Updated by ko1 (Koichi Sasada) about 11 years ago
The regression was indeed caused by r43718, and has been resolved with r43887.
No. Before r43718, it works accidentally.
Updated by tmm1 (Aman Karmani) about 11 years ago
Oops, @ko1 (Koichi Sasada) is right.
The issue at hand is that fstrings were allowed to be shared strings. With rb_gc_mark(), the shared string was more likely to get marked (due to the mark_stack addition). But there were still cases where the shared string had already been lazy swept by the time the fstring was marked or resurrected.
With r43718, we resolved the issue once and for all by disallowing shared fstrings altogether.
Updated by headius (Charles Nutter) almost 11 years ago
I've implemented something like this for JRuby 9k.

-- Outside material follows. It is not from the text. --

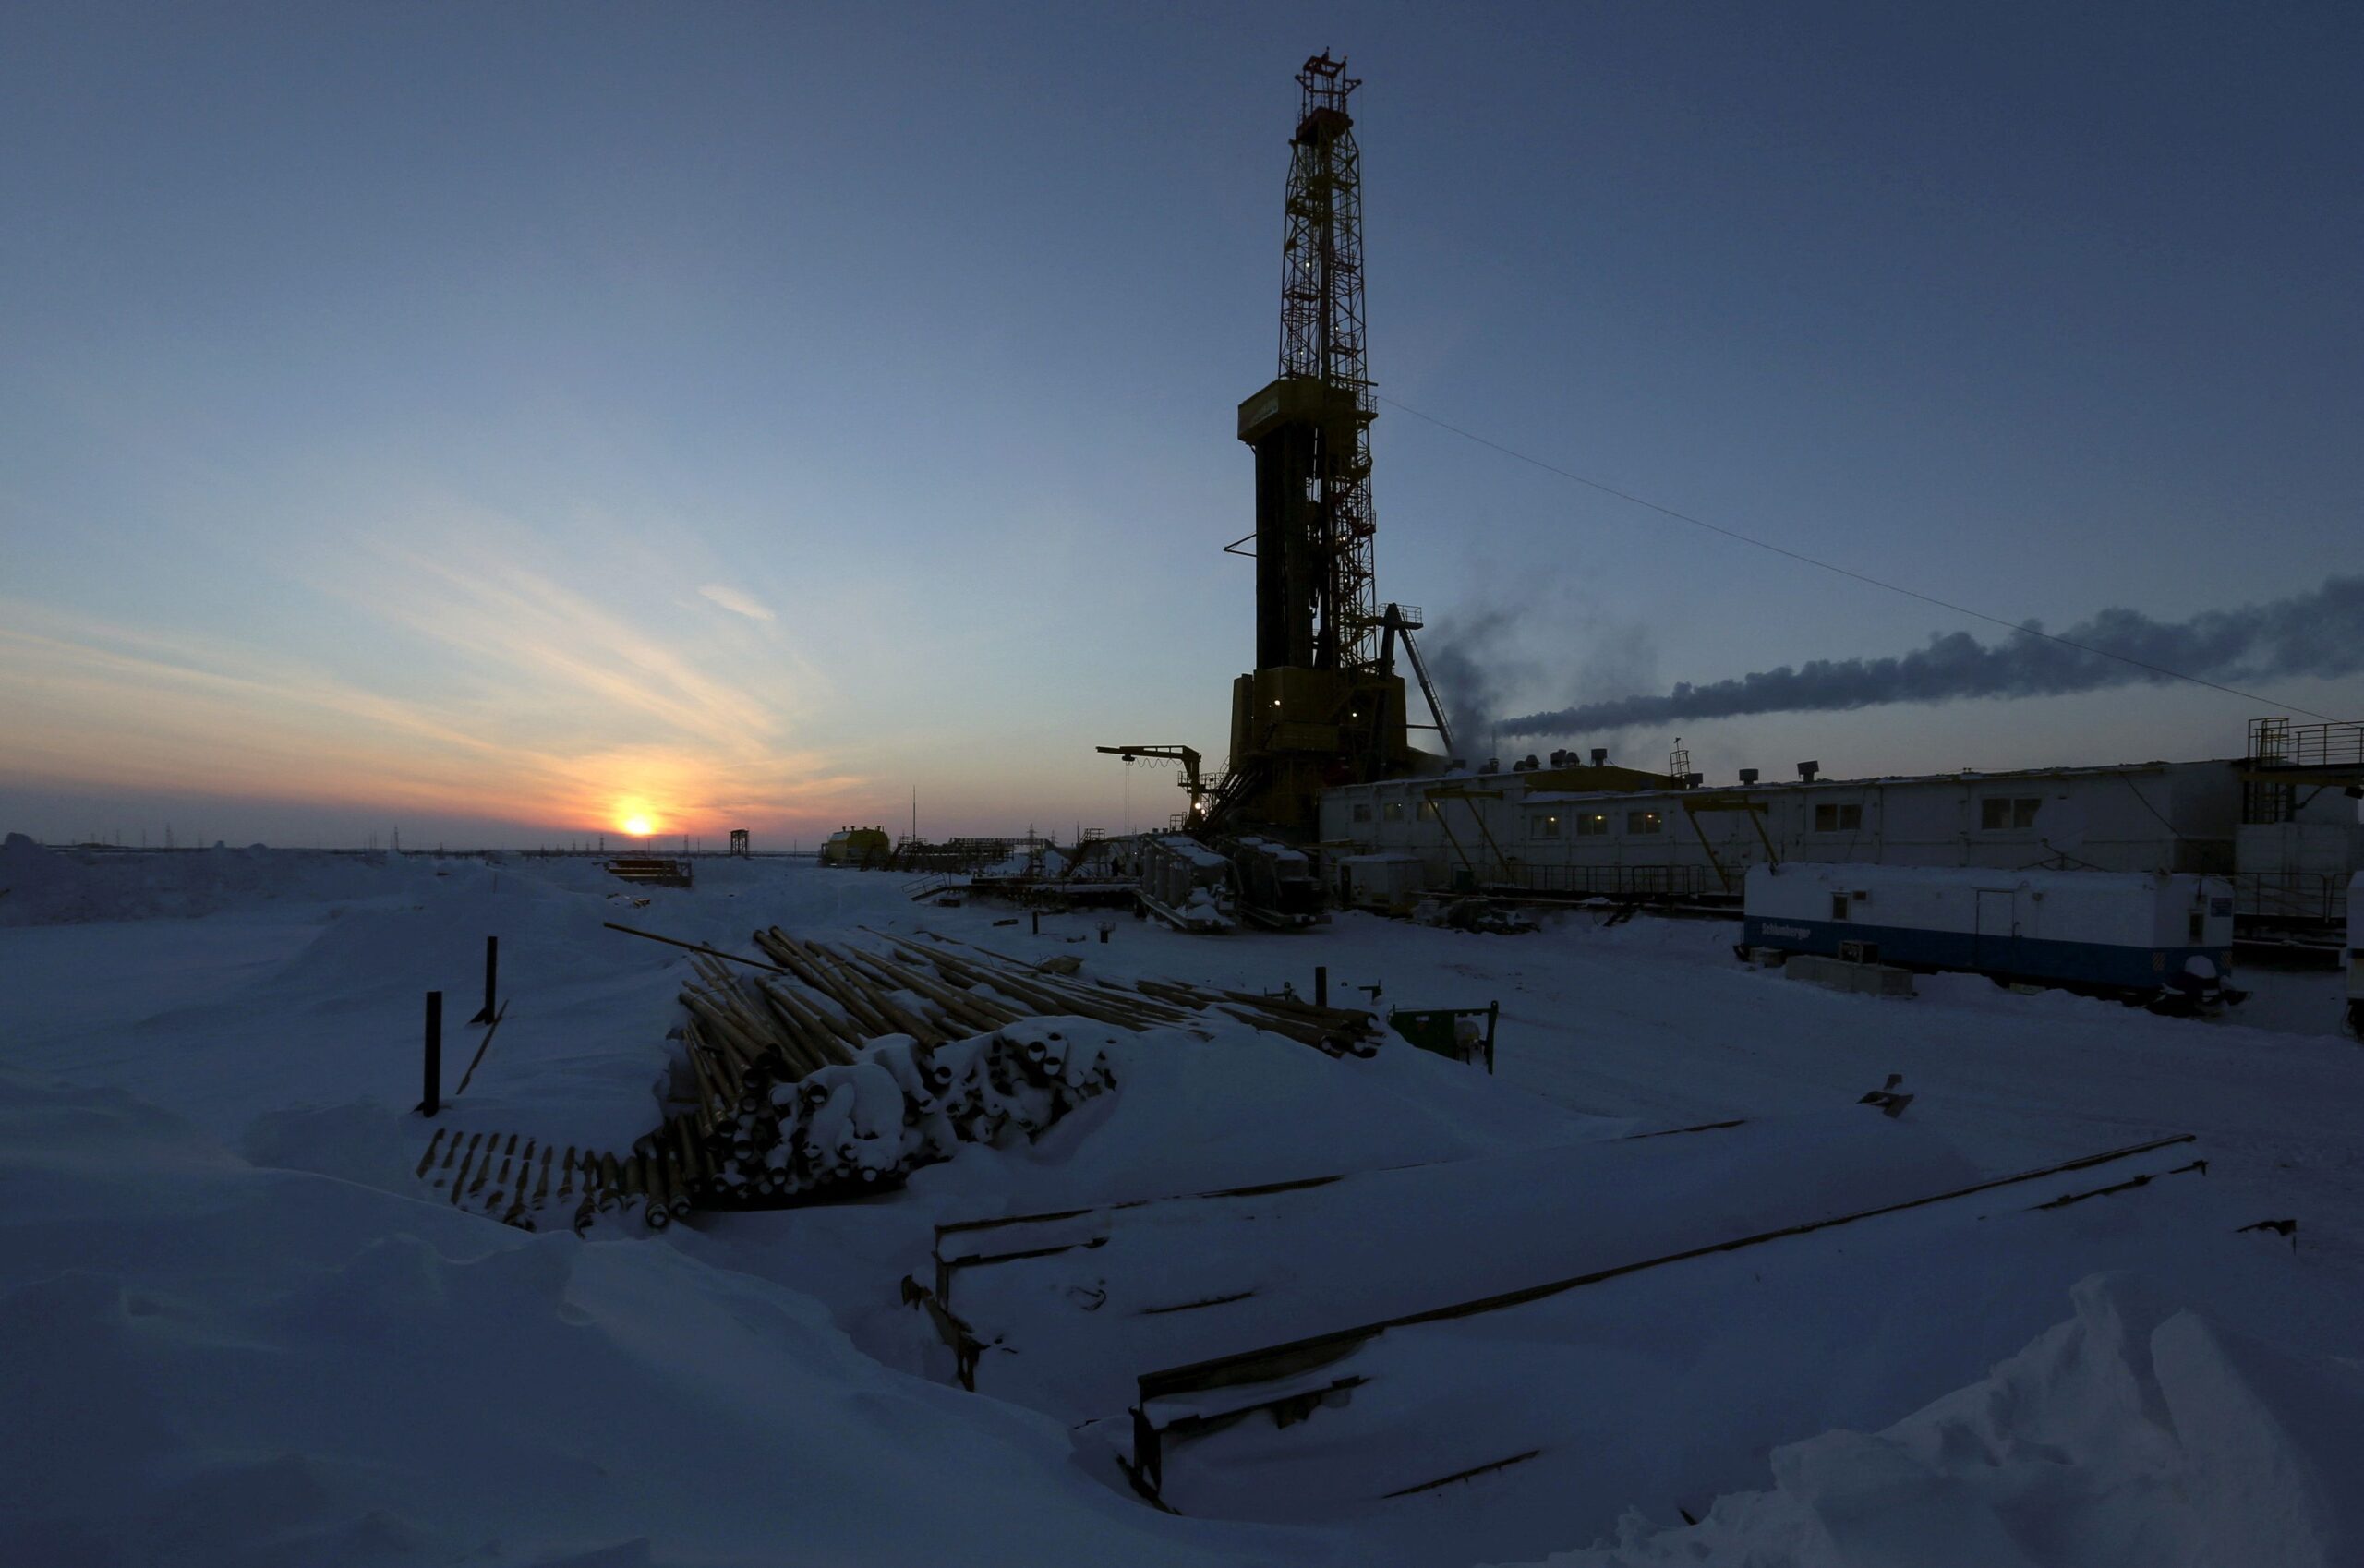 Russian oil trade in disarray over sanctions as prices blast through $100 per barrel

Both the interpreter and the compiler pre-freeze and dedup the keys, allowing them to go straight into literal hashes.
Performance is significantly improved by doing this:
Before:
$ jruby -rbenchmark -e "10.times { puts Benchmark.measure { hash = nil; 10_000_000.times { hash = { 'a' => 1, 'b' => 1, 'c' => 1, 'd' => 1, 'e' => 1 } } } }"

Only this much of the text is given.